Nel tetto del portico deve esserci una fessura. Un raggio di sole mi colpisce in piena faccia. Strizzo gli occhi e trascino il sedile a sinistra, al riparo. Allungo la mano verso un dattero. Uso il coltello per togliere il nocciolo, poi me lo metto in bocca. È dolce e appiccicoso da far schifo. Mi lascia le dita tutte attaccaticce, sono costretto a succhiarmele. Diamine, li ho sempre odiati, i datteri.
Una servetta si sporge da una finestra e mi avvisa che la padrona sta per arrivare. Non è niente male, la ragazza. Nella casa di Bahir Ra’ed ci sono fin troppi servitori e belle cose. Non sembra un posto da Deva.

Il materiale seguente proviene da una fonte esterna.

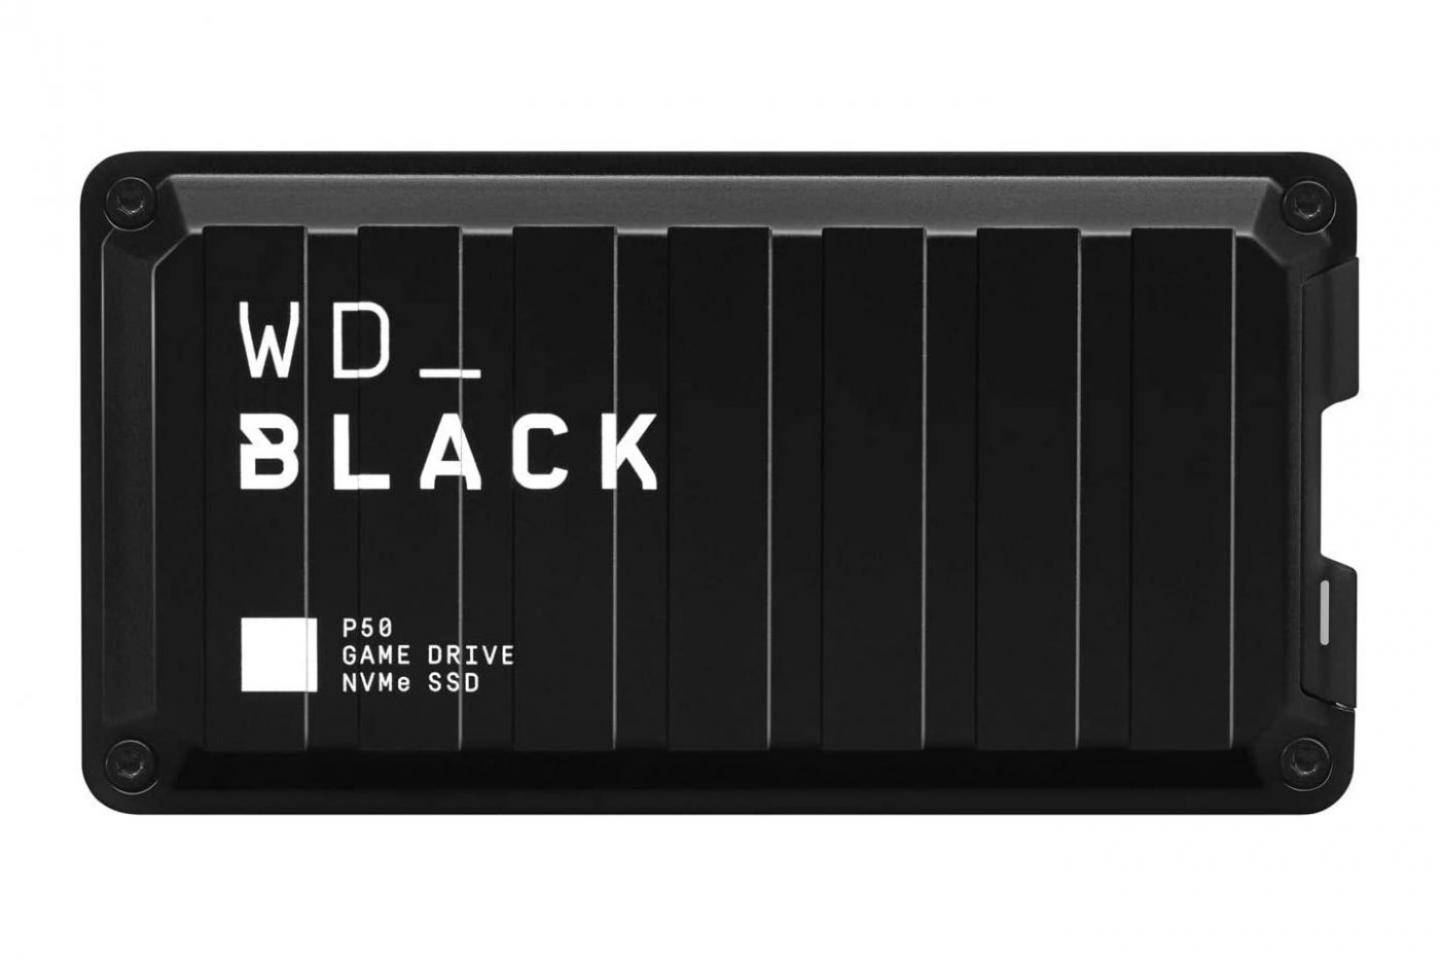 2.0TB SSD(WD BLACK P50)

Almeno non le manca nulla.
Sento una porta aprirsi e mi alzo in piedi. Deva è agghindata come una regina. Ha un vestito di lino tinto di azzurro e una tiara d’argento sulla testa.
— Vasil!
Scende le scale in un lampo e mi si tuffa tra le braccia. Vengo investito da un’ondata di profumo speziato.
— Questo posto ti dona. — sussurro, tra i suoi capelli.
Lei si scioglie dall’abbraccio, ma continua a stringermi le mani. Le luccicano gli occhi.
— Quando sei arrivato?
— Ieri notte. — mento.
— Dove hai dormito? Perché non sei venuto qui subito?
Storce un po’ la bocca. Gli occhi, ora, mandano lampi.
— Cazzo, Vasil, non ti vedo da tre anni…
— Già. — sospiro — Che differenza può fare una notte?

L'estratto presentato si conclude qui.